Caveolins act as scaffolding proteins to concentrate and regulate signaling molecules within caveolar membranes. Direct interaction with caveolin-1 results in the inhibition of a number of signaling molecules, such as G protein -subunit, Ras, nitric oxide synthase (NOS), protein kinase C (PKC), and protein kinase A (PKA) (14, 19, 24). However, caveolin-1 is also capable of promoting certain signaling pathways. In fact, caveolin-1 has been shown to stimulate the estrogen receptor and the insulin receptor signaling (30, 43).

Caveolin-3 is most closely related to caveolin-1. Caveolin-3 and caveolin-1 are 65% identical and 85% similar based on protein sequence homology (33).
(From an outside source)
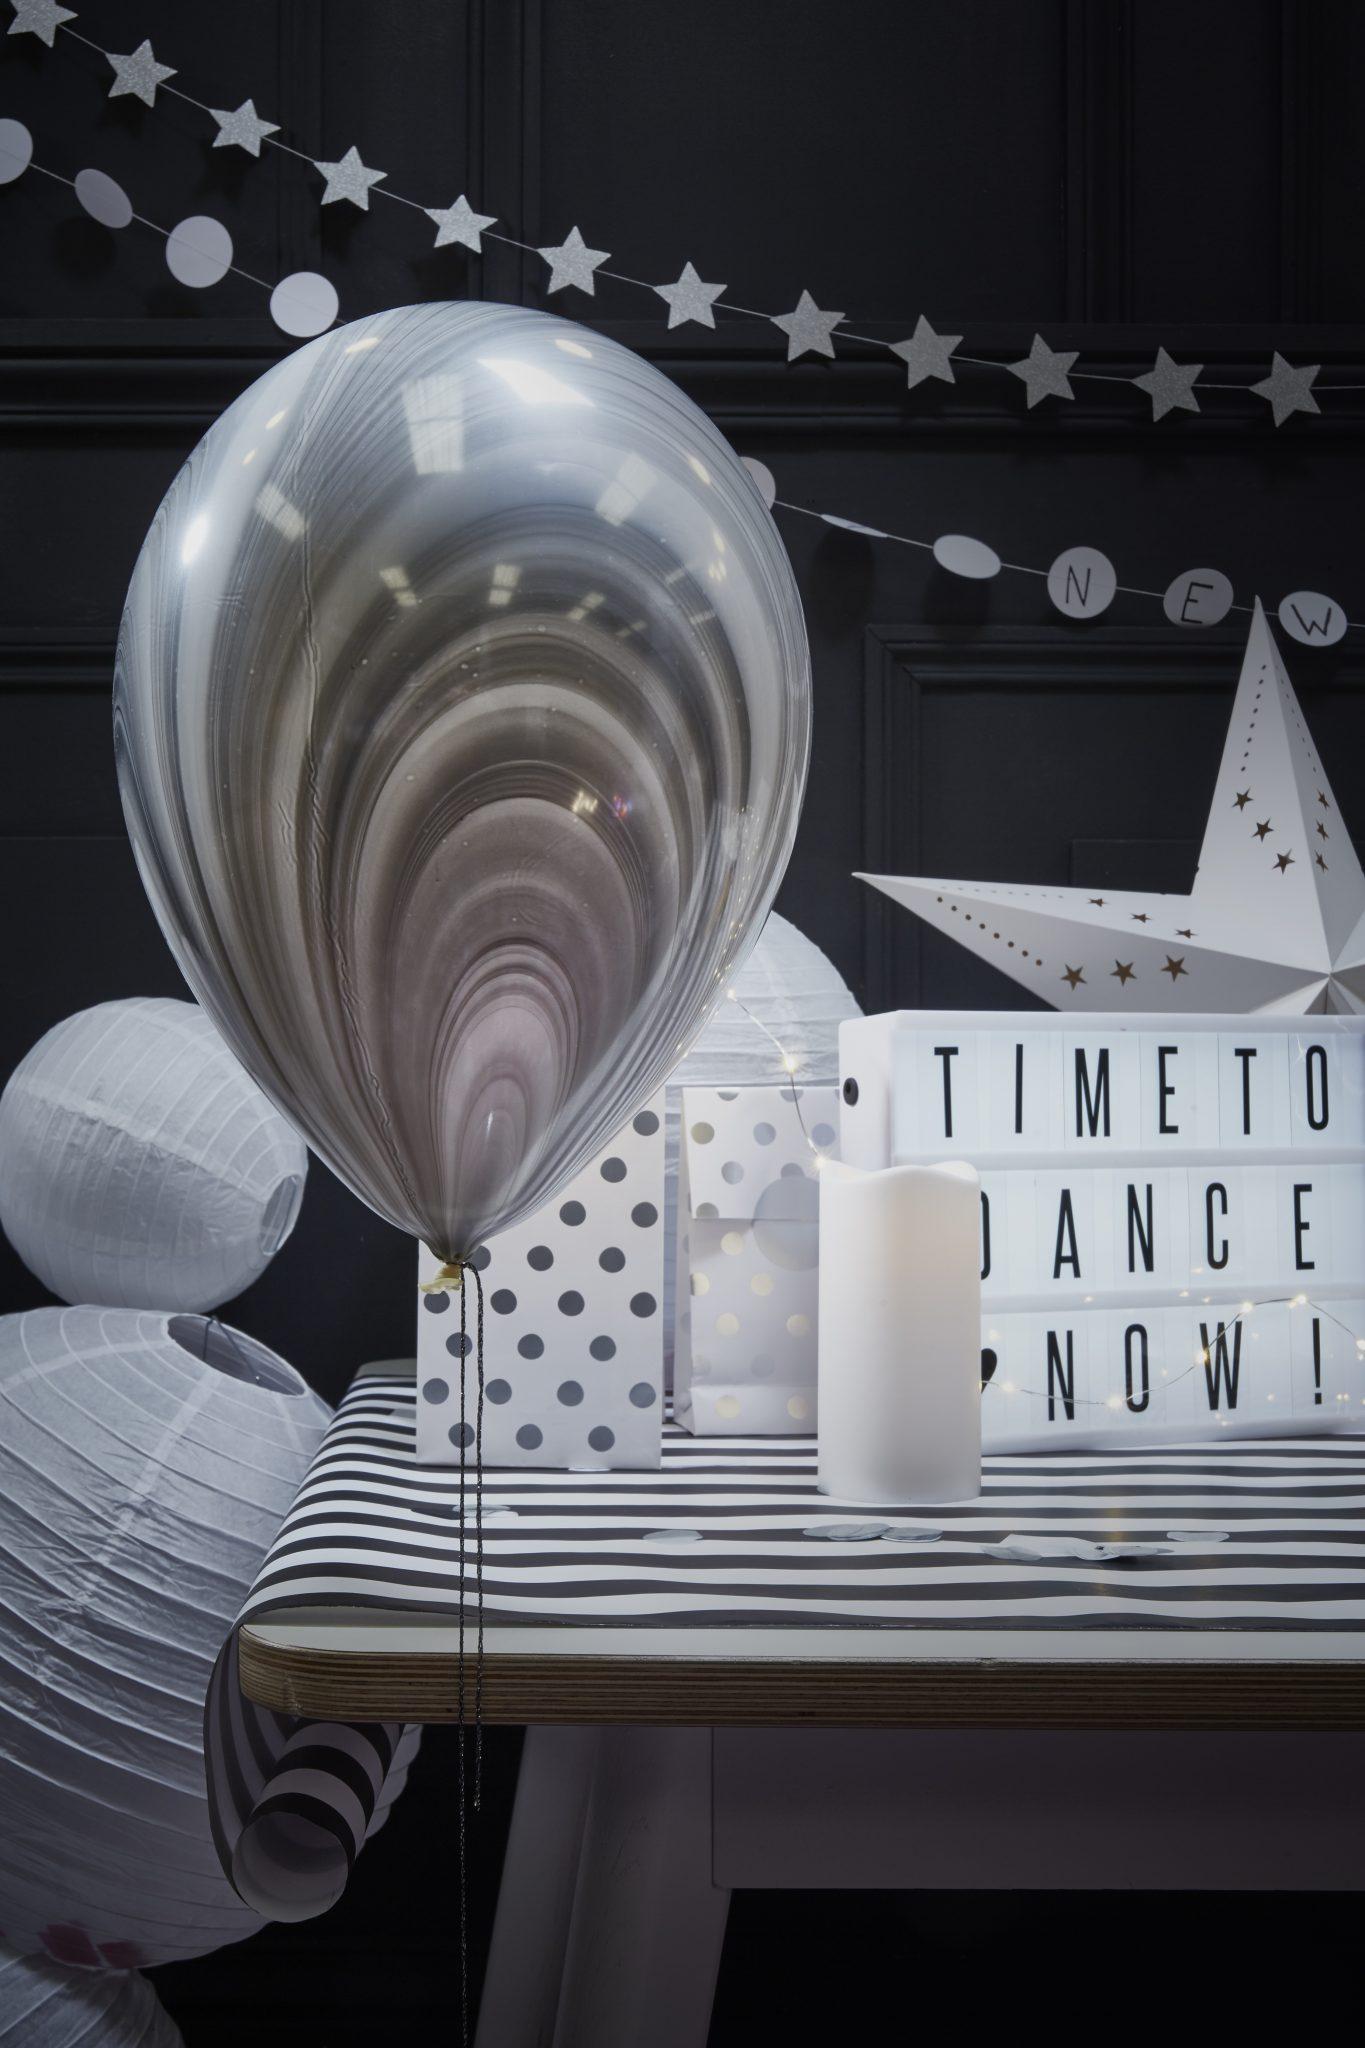 déco noire et blanche nouvel an ballon lightbox bougie fete idées inspiration décoration

Caveolin-3 has been shown to interact with different signaling molecules. For example, G_i2, Gβ, c-Src, and Src-like kinases (Lyn) all cofractionated with caveolin-3 in C2C12 cells (32), suggesting a role of muscle cell caveolae in the transduction events mediated by these molecules. Also, caveolin-3 has been reported to directly interact with neuronal NOS (nNOS), the NOS isoform expressed in skeletal muscle (13, 35). Interaction with caveolin-3 results in the inhibition of nNOS enzymatic activity in vitro (13, 35).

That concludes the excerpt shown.